On the other hand, what was so lovely and seemingly serendipitous about the circumstances under which we ultimately connected more than a half century into our lives, was a book Walter wrote, approximately four decades earlier, when he was in his 20s. Go Now In Darkness was first published in the 1960s, but I never got the opportunity to read it back then. Though under the category of fiction, rumor was it was clearly autobiographical, and the family elders were not happy. Consequently, they were not promoting what they deemed a betrayal of family secrets and their privacy, by the young Mr. Sublette. Amongst themselves—those of our parents and grandparents generations, I mean—they expressed their ire, because Walter audaciously chose his maternal family surname of Edwards for a pseudonym, instead of using his own birth surname; that decision served to add fuel to an already growing brush fire. And through the years, whenever I inquired about that book, a brick wall was thrown up, like it never existed.

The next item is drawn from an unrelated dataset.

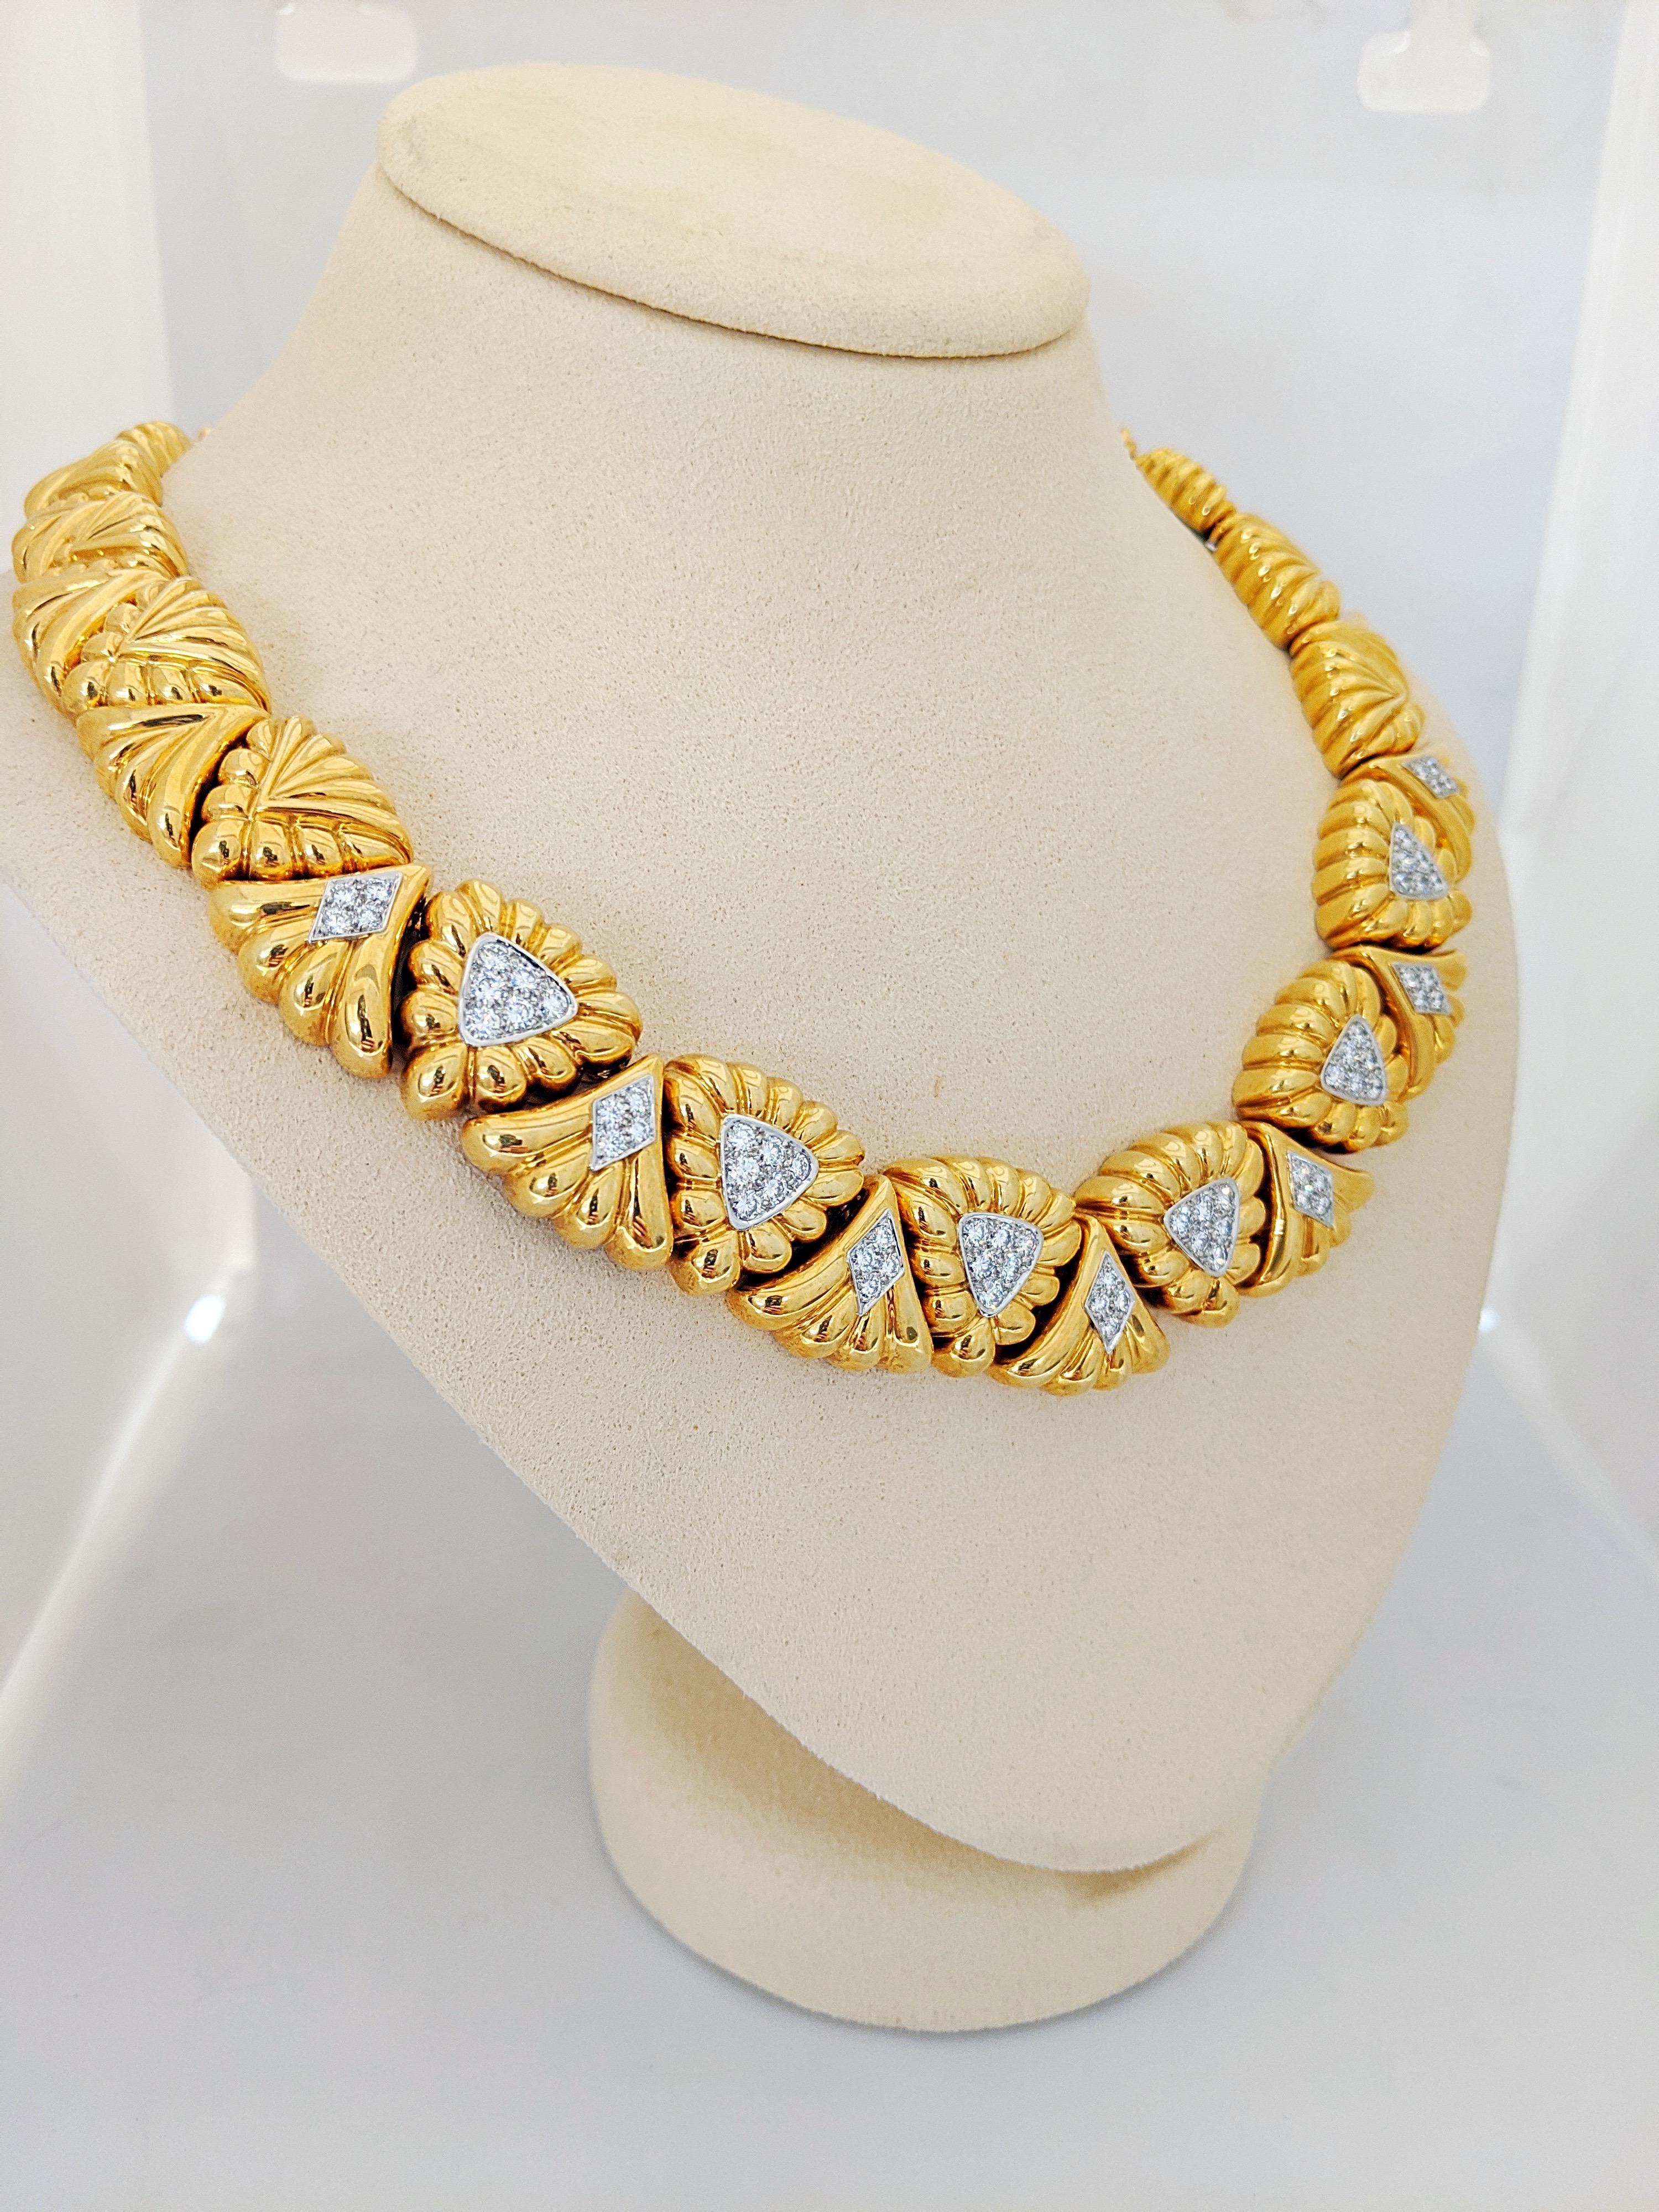 Chaavae Platinum and 18 Karat Yellow Gold and 2.92 Carat Diamond Collar Necklace For Sale 3

Not until the fall following the horrific 9/11 tragedy, on a visit to the home of a mutual cousin, in Knoxville, TN, did I finally lay my eager hands on a paperback copy. Once I began reading, I couldn’t put the book down, until I’d read the very last page. The trip through his head, was breathtaking. And all while I was devouring every paragraph of Walter’s first person narrative, recognizing major characters—Walter’s parents, our uncle Sterling, his sister—in spite of the name changes, I was thinking in my head: at last, in Walter, I’ve met my kindred spirit! Another rebel with a cause, hanging out there on a limb all alone, shattering the rules, suffering the consequences, and paying dearly! In Walter, I’d found a champion, though I wished it had been sooner.

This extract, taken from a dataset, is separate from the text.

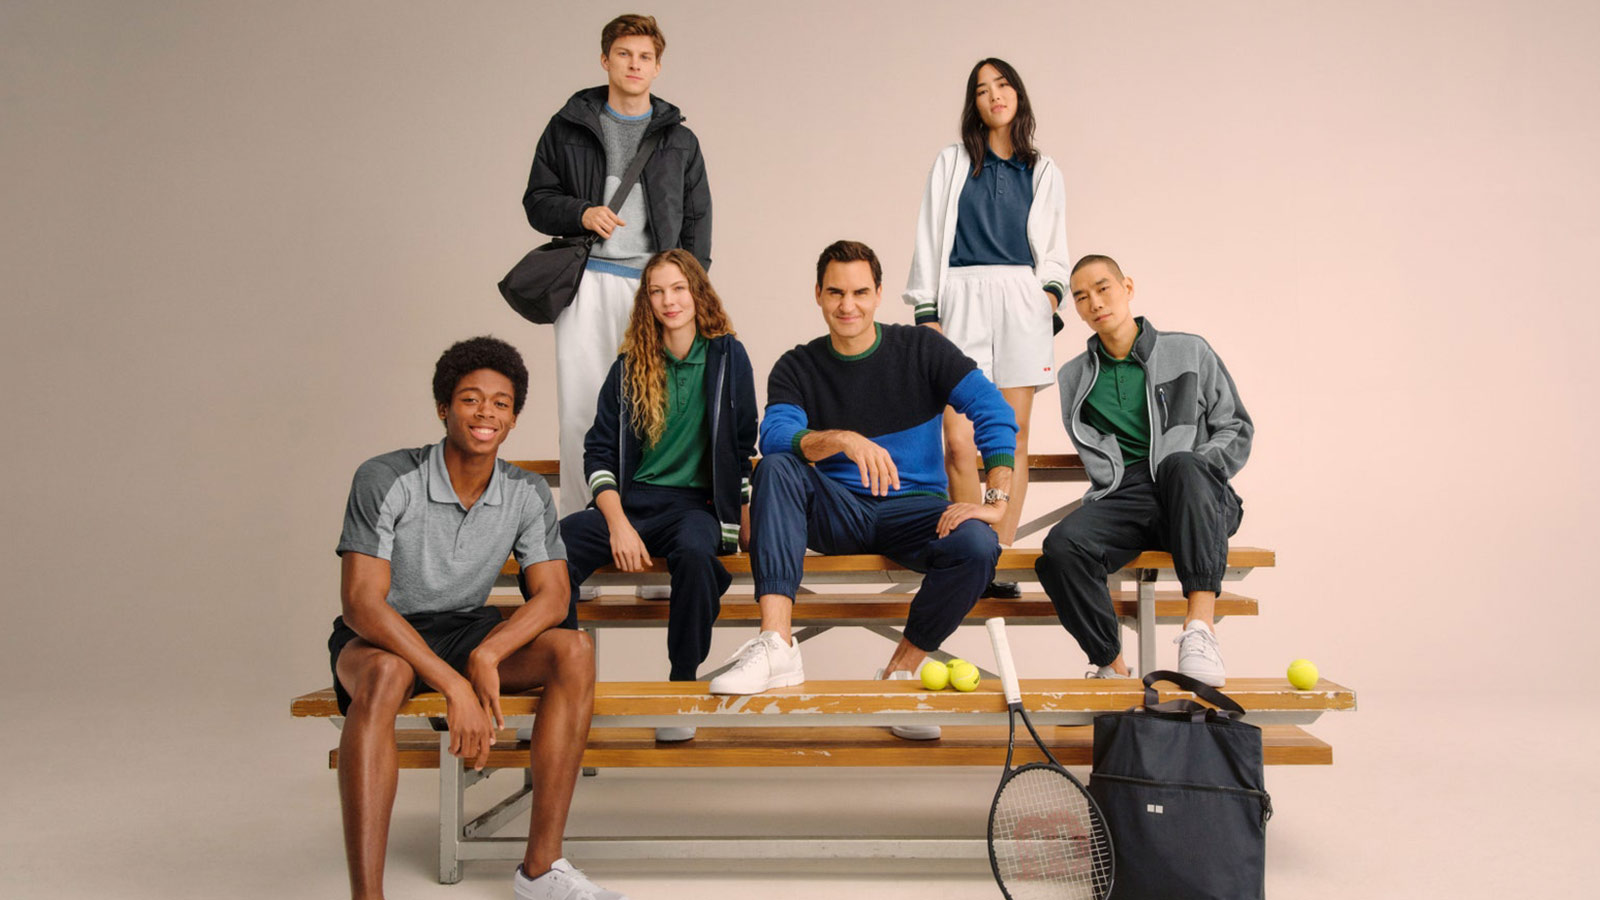 Roger Federer LifeWear Uniqlo collection

Promptly, upon returning from my trip to Tennessee, I looked up Walter’s telephone number, and called him at his home in Chicago. Not a phone chat person, I can easily say, that exchange with Walter, a stranger just prior, was one of the warmest, most relaxed conversations I’ve ever engaged in. And we talked about his compelling book.
I’m almost positive I was the last person on earth, he ever expected to hear from. He told me a year or so later, yes, he thought that door had long been closed, but was delighted it was now open and a warm breeze was coming through. During that first phone chat, it took no time at all for us to be in sync, and subsequently we became fast friends.
Between that initial phone call introduction in 2001, and his death in September of 2014, Walter and I met face to face only once. It was on their return drive to Chicago from their summer home in Ft. Meyers, Florida, he and his wife, Cheryl, stopped in Charlotte, NC to pay a long awaited—a lifetime, actually—much anticipated visit. Because he was wheelchair bound and needed particular amenities, they reserved a room at a nearby hotel. But I got to spend a full day with Walter—by that time, a close friend, confidant, and more, my brother—and that was one beautiful, memorable visit. And I cooked for him! I recall serving grilled salmon…but the rest of the dinner is a blur. He said, the salmon was “cooked perfectly”, so that’s what resonated, and was worth remembering, above all!
Such a cool, open, unpretentious guy, with the most wonderful, oftentimes mischievous sense of humor, and a laugh that resonated. Oh, I do miss him!